松井にそれを話すと、彼は、大規模な硝石の工場が手に入りそうなので大先生がツネオとノブに残した遺産でそこを買って3人で経営してはどうかと言い出した。
「ツネオ君とノブちゃんの遺産も増やしてあげればよろしい」
過去の地位だけでとうに貧乏な軍関係者の養子に決まっているカツヤがその話に飛び付いたのはいうまでもなかった。
「松井先生、よろしいんですか?大砲は無いとしても、ハムやソーセージといった外国の肉カマボコに硝石は必要ですし、ひょっとししたら大きく化けてしまいますよ」
「カツヤはすぐに人を信じる浅はかな男だよ。大きく儲けそうならすぐに目をつけられて奪われるだろうさ。そうならこちらで買い取って他に高値で売るだけさ。前例の無い工場なんぞは立ち上げがとにかく手間がかかるんだよ」
「カツヤ君は、先生にとってそんな存在でしたか」
「安心してるのか?カツヤのような正論を振りかざす人間なんてうっとうしいだけさ。本人の社会人としての経験の浅さを露呈させる雰囲気も気に入らんのだ。戦後の奪い合いでなんとか自分の心の底の善に目を向けないようにしている我々大勢には、そんなのは耳障りで仕方ないのさ」
「これからはどちらかというと建築関係の専門家の卵がもっと必要ですね」
「何もないところに大きく造れるんだ、戦争のお陰で邪魔も無い」
「戦争のお陰で金持ちと貧民が掻き回されましたね、神様は面白いことをなさいますね」
「いや、まだわからん。
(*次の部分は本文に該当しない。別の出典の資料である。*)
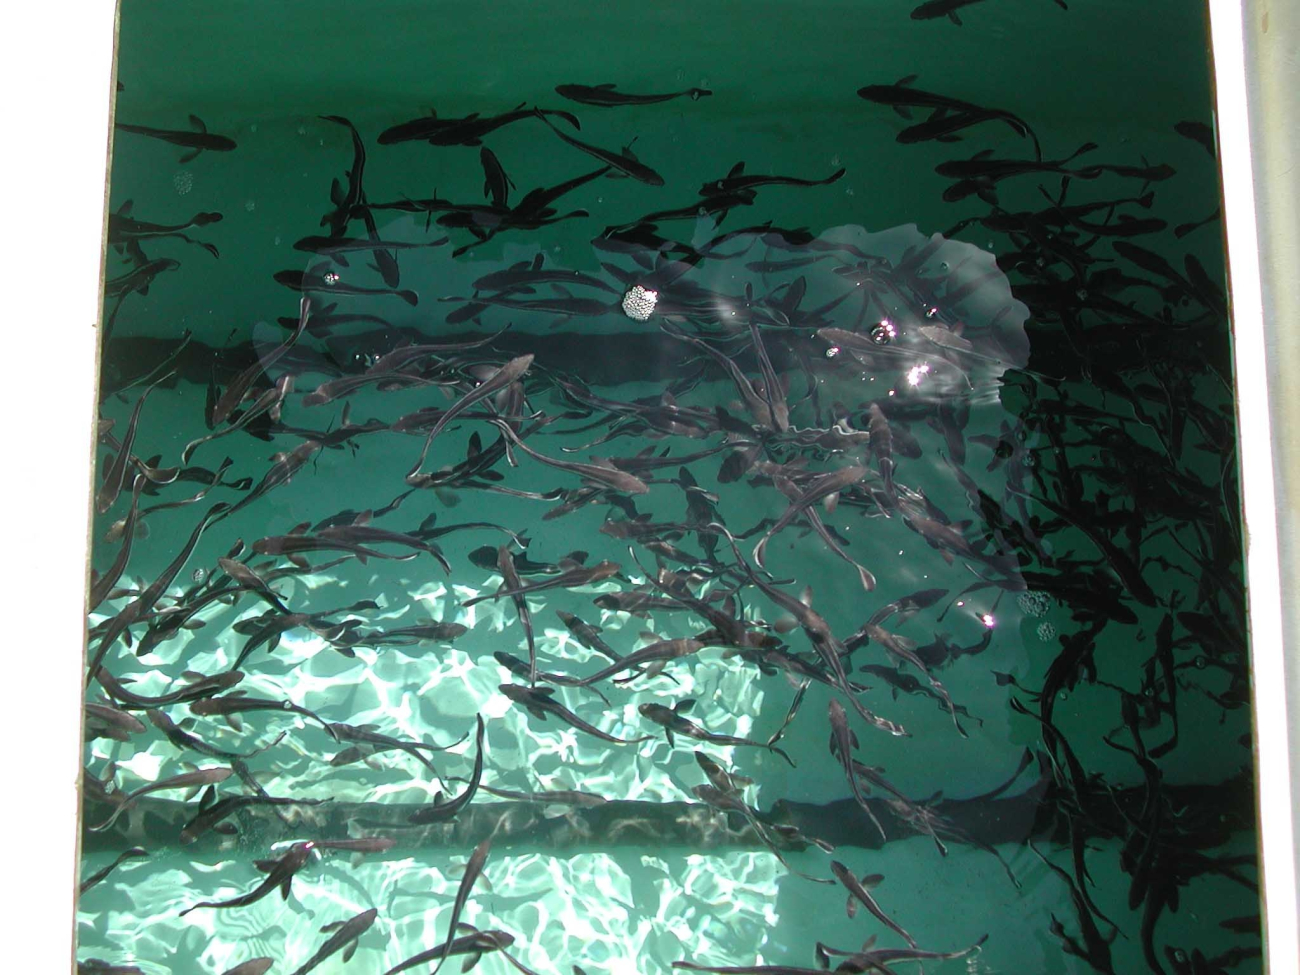 The first harvest of cultured cobia at the Florida research laboratory

勝負は昭和中期に生き残っておるかどうかさ」
「法律も都合に合わせて変えられますしね」
「今や混乱期だ。犯罪の証拠さえも創れるんだから、恐ろしいことだよ…」
「駅の孤児の死体の山も消えましたし。駅裏の売春宿は目立ちますね…」
「潰して新しく建てて、高く貸すには、不動産専門家も大勢要るかね」
「夢のようにやることがありますね」
「電車も線路をあちこちに引いて、街が創られるのだ。乗り遅れている暇はない、そこらで行き場を迷ってる資金をかき集めよう」
「夢のような未来が目の前ですね先生!」
ノブが無事に女の子を産んで3ヶ月、育児だけの毎日は眠くて辛いけれど放っておけばすぐに死んでしまうような頼りない赤ちゃんは全てが手探りの若い母親のノブには可愛くて仕方ない。
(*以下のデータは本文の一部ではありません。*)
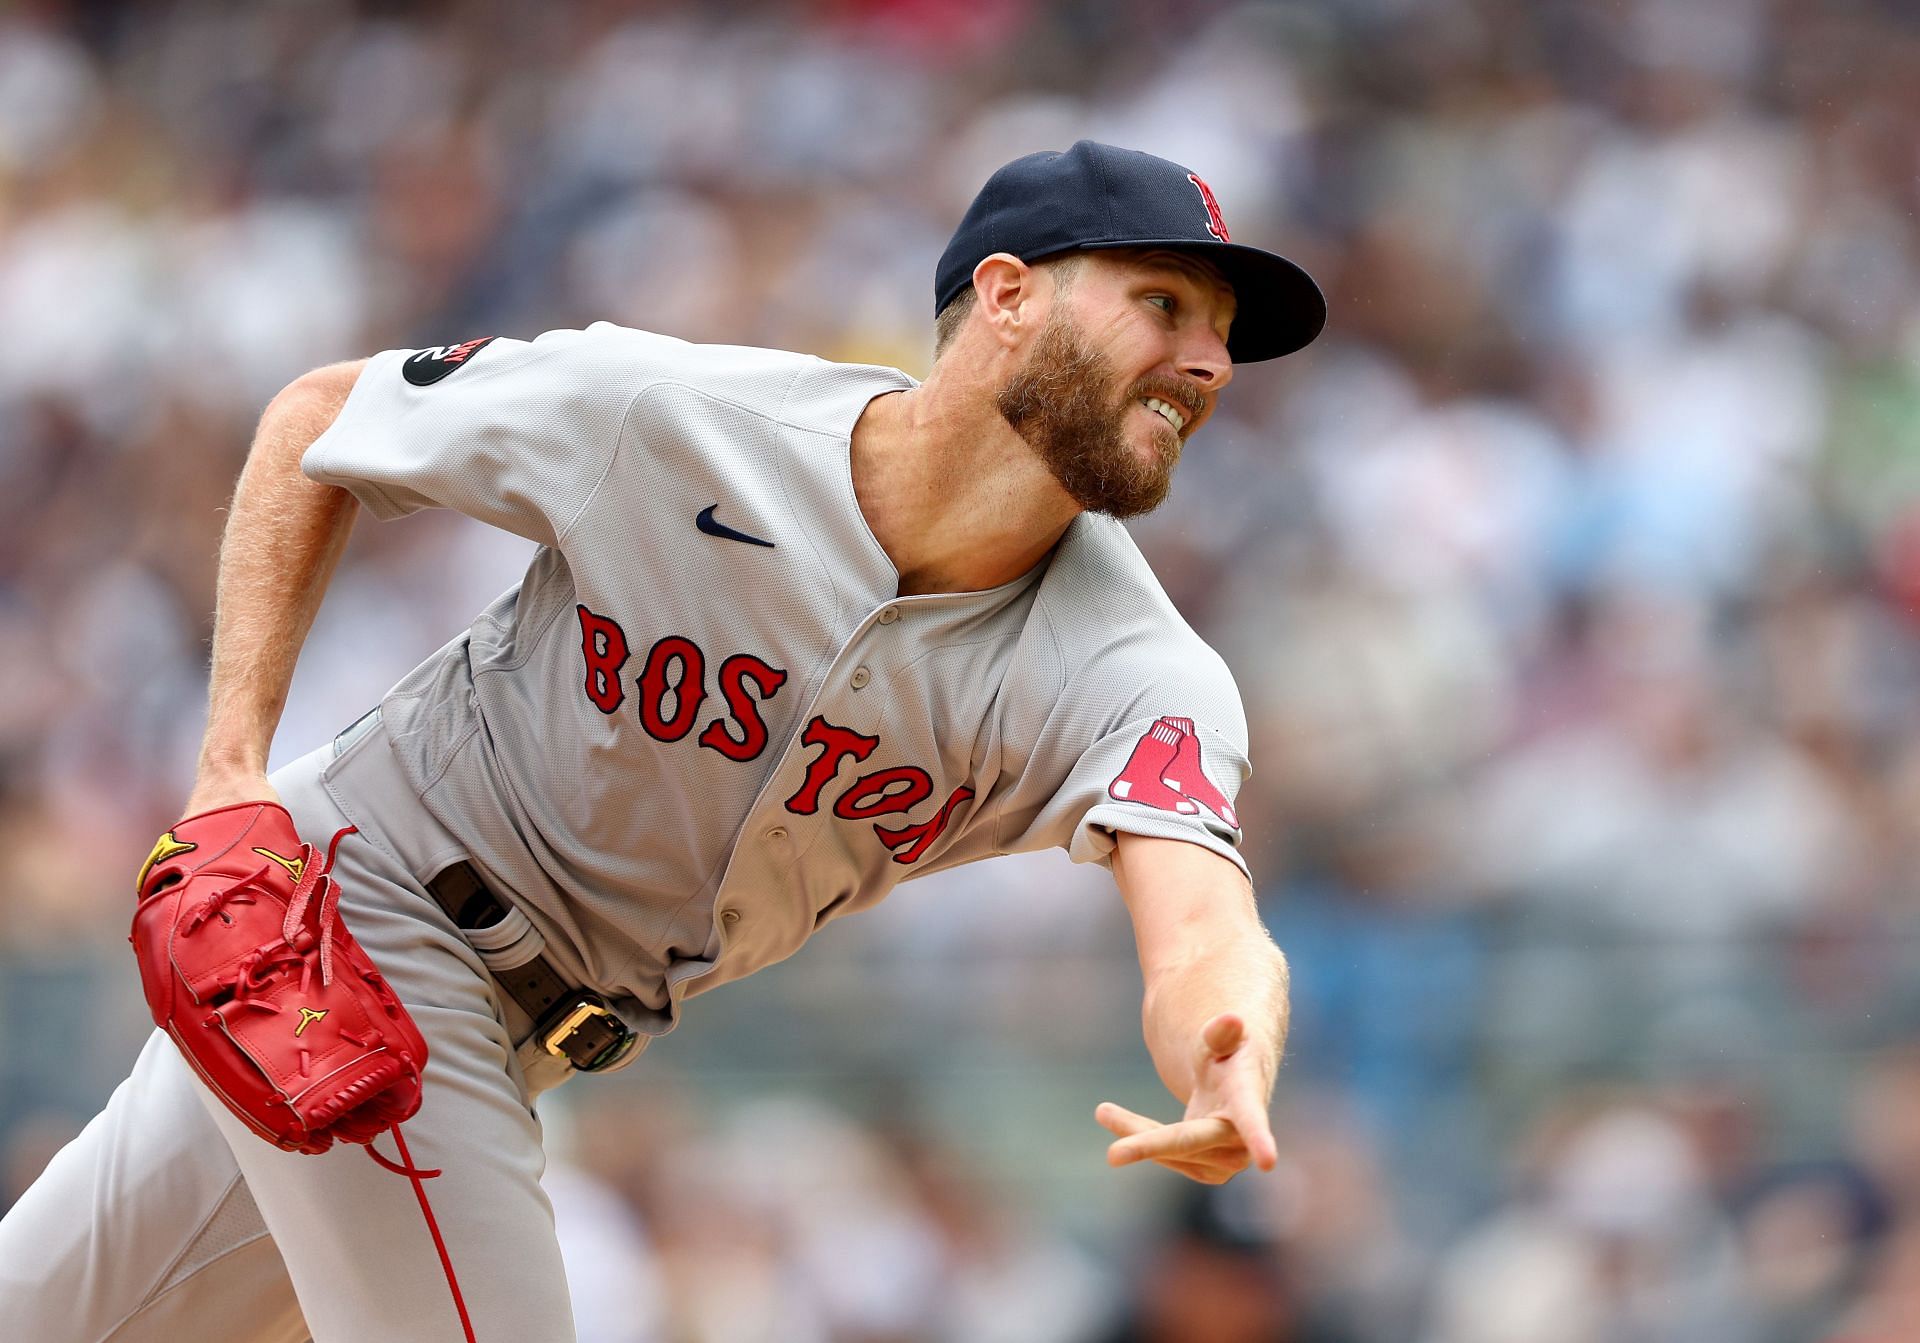 Boston Red Sox - Wednesday night's #RedSox starters

ようやく大酒飲みで優しすぎて女にだらしない美男子のトミオとの離婚が成立したものの、姑に我が子を渡せと申し立てられているノブはカツヤの始めた硝石工場の一画に元々建っていたなんとか使える古い屋敷に住まって、退院してすっかり元気になってカツヤを手伝っているツネオと結婚したばかりのマチコという気の良い女にも助けられてそこそこ不自由無く暮らしていた。
カツヤは養子に入った先の娘と結婚したが、このカツヤの新妻はノブやマチコと仲良くする努力をすること無く、とにかく同じ屋敷内での同居が嫌だとカツヤに愚痴り、自分たち専用の新しい屋敷を建てさせようとしていた。
硝石は戦後の日本には面白いように必要で、ツネオとノブの遺産で買った工場はますます大きくなることが急務で、あちこちの銀行は是非うちで借金をしてくれとカツヤを毎晩接待し、建築費や人件費だけではない新たな土地買収や邸宅建設も含めた融資が膨らんでいった。
ツネオもノブも自分たちに遺産があることを教えられていず、カツヤの好意で安心して暮らせていることに毎日感謝して生きていた。
ツネオが退院して半年ほどして、弁護士の松井が意識不明で緊急入院し数日であっけなく死んでしまったことは、まだカツヤは知らなかった。